The idea is simple: Spark can read MySQL data via JDBC and can also execute SQL queries, so we can connect it directly to MySQL and run the queries. Why is this faster? For long running (i.e., reporting or BI) queries, it can be much faster as Spark is a massively parallel system. MySQL can only use one CPU core per query, whereas Spark can use all cores on all cluster nodes. In my examples below, MySQL queries are executed inside Spark and run 5-10 times faster (on top of the same MySQL data).

In addition, Spark can add “cluster” level parallelism.
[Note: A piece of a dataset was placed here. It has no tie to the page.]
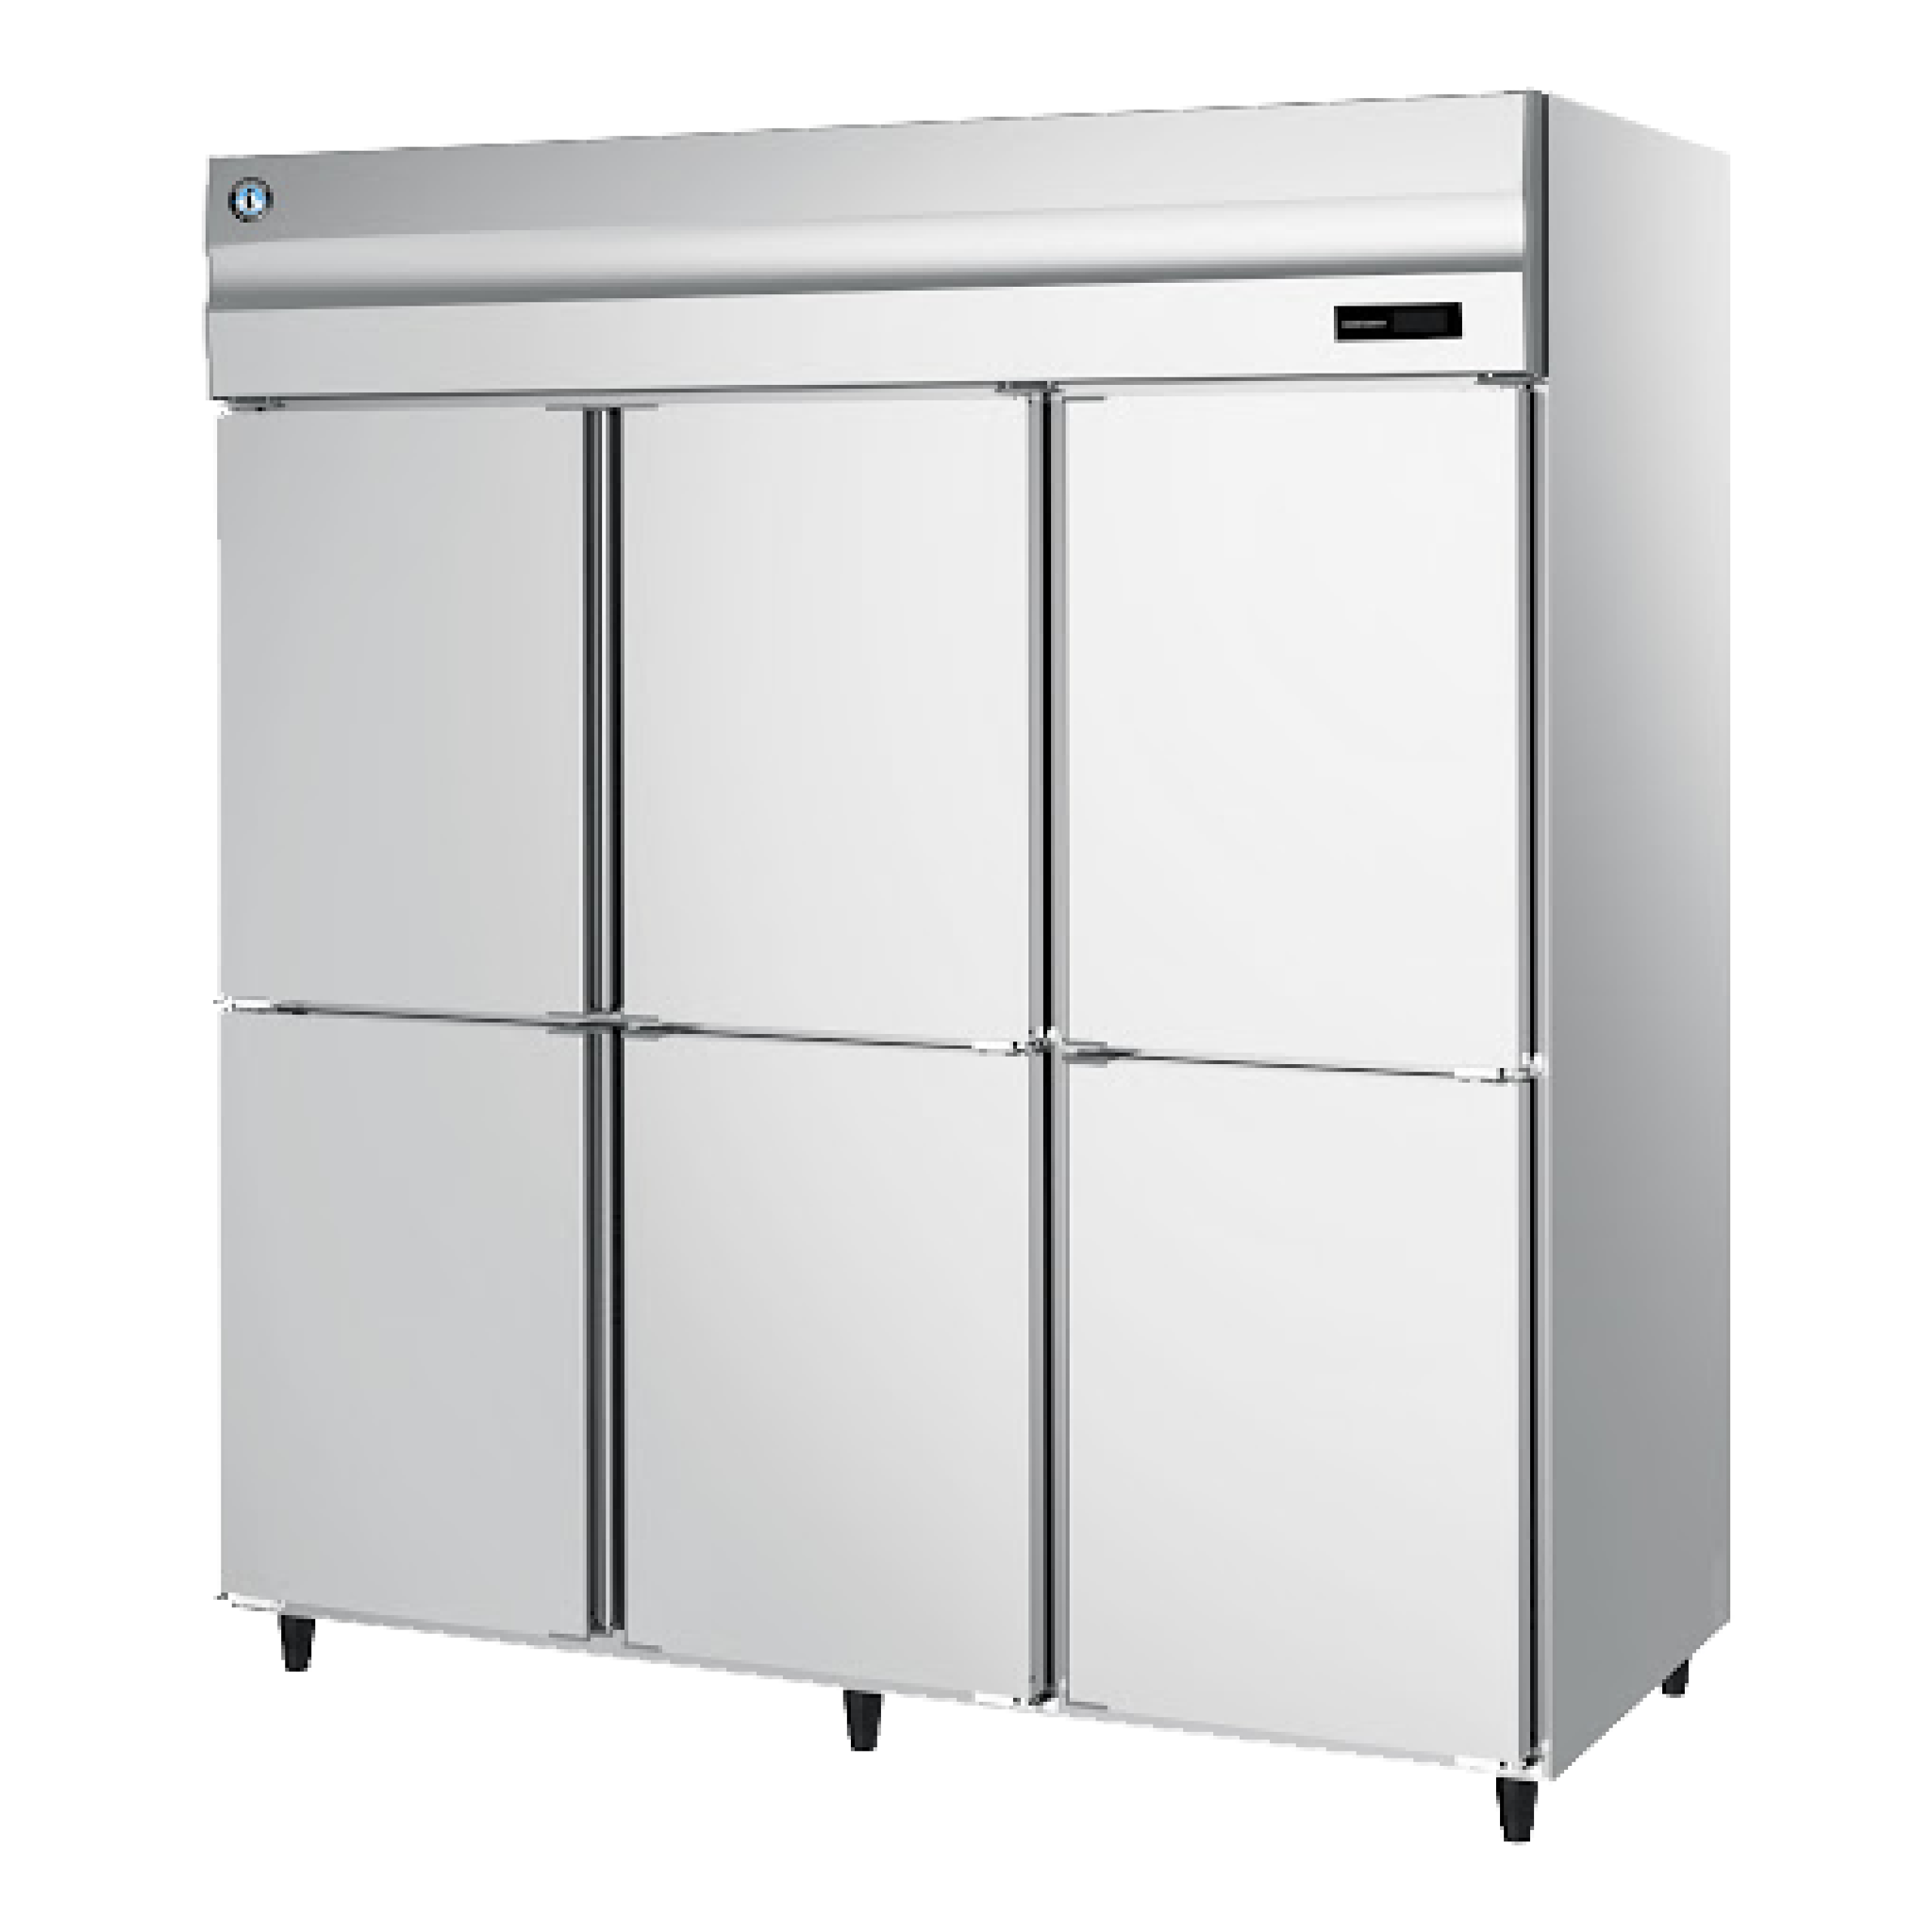  Tủ Lạnh Đứng 6 Cánh Hoshizaki HR-188MA-S

In the case of MySQL replication or Percona XtraDB Cluster, Spark can split the query into a set of smaller queries (in the case of a partitioned table it will run one query per each partition for example) and run those in parallel across multiple slave servers of multiple Percona XtraDB Cluster nodes. Finally, it will use map/reduce the type of processing to aggregate the results.
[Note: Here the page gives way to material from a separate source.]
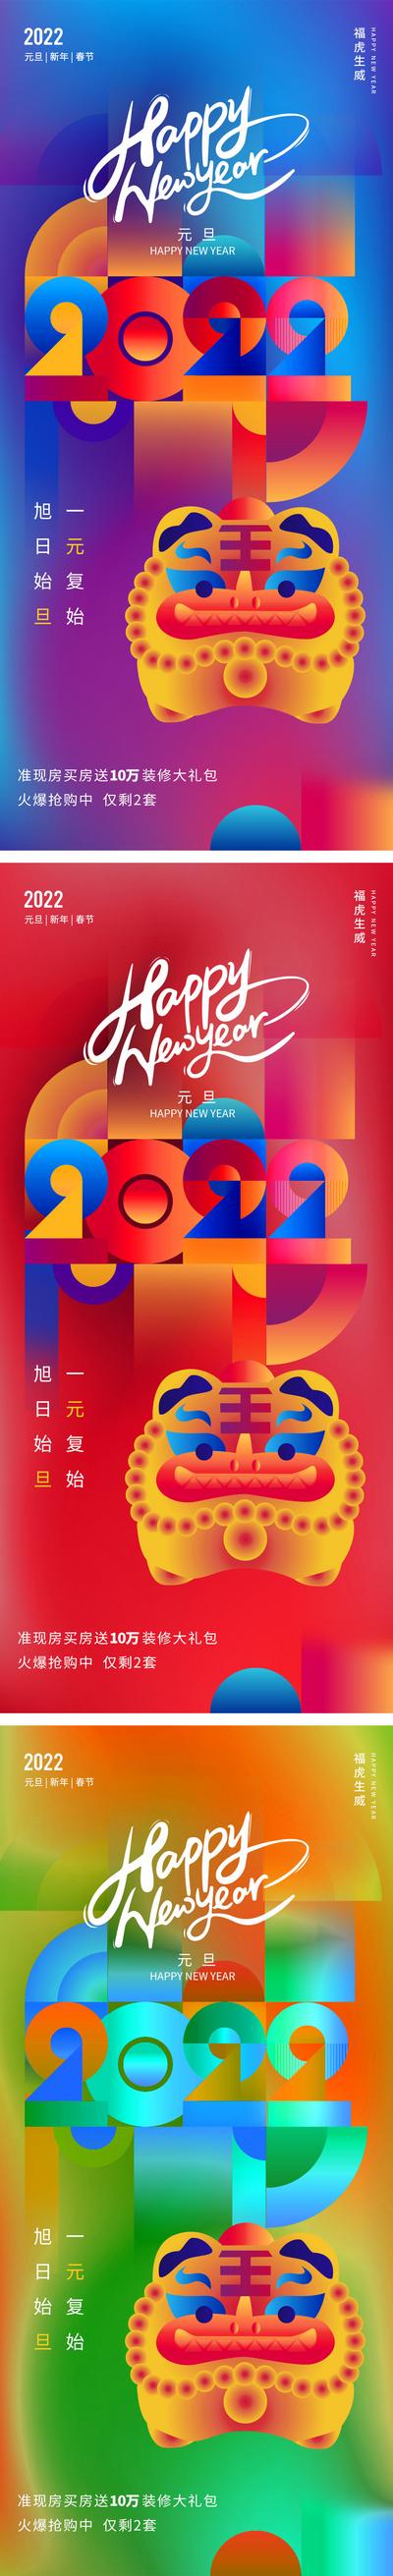 南门网 海报 地产 公历节日 2022 元旦 创意 老虎 炫彩

I’ve used the same “Airlines On-Time Performance” database as in previous posts. Vadim created some scripts to download data and upload it to MySQL. You can find the scripts here: https://github.com/Percona-Lab/ontime-airline-performance. I’ve also used Apache Spark 2.0, which was released July 26, 2016.

Apache Spark Setup

Starting Apache Spark in standalone mode is easy. To recap:

  1. Download the Apache Spark 2.0 and place it somewhere.
  2. Start master
  3. Start slave (worker) and attach it to the master
  4. Start the app (in this case spark-shell or spark-sql)

Example:

root@thor:~/spark# ./sbin/start-master.sh
less ../logs/spark-root-org.apache.spark.deploy.master.Master-1-thor.out
15/08/25 11:21:21 INFO Master: Starting Spark master at spark://thor:7077
15/08/25 11:21:21 INFO Utils: Successfully started service 'MasterUI' on port 8080.
15/08/25 11:21:21 INFO MasterWebUI: Started MasterWebUI at http://10.60.23.188:8080
root@thor:~/spark# ./sbin/start-slave.sh spark://thor:7077

To connect to Spark we can use spark-shell (Scala), pyspark (Python) or spark-sql. Since spark-sql is similar to MySQL cli, using it would be the easiest option (even “show tables” works). I also wanted to work with Scala in interactive mode so I’ve used spark-shell as well. In all the examples I’m using the same SQL query in MySQL and Spark, so working with Spark is not that different.

To work with MySQL server in Spark we need Connector/J for MySQL. Download the package and copy the mysql-connector-java-5.1.39-bin.jar to the spark directory, then add the class path to the conf/spark-defaults.conf:

spark.driver.extraClassPath = /usr/local/spark/mysql-connector-java-5.1.39-bin.jar
spark.executor.extraClassPath = /usr/local/spark/mysql-connector-java-5.1.39-bin.jar

Running MySQL queries via Apache Spark

For this test I was using one physical server with 12 CPU cores (older Intel(R) Xeon(R) CPU L5639 @ 2.13GHz) and 48G of RAM, SSD disks. I’ve installed MySQL and started spark master and spark slave on the same box.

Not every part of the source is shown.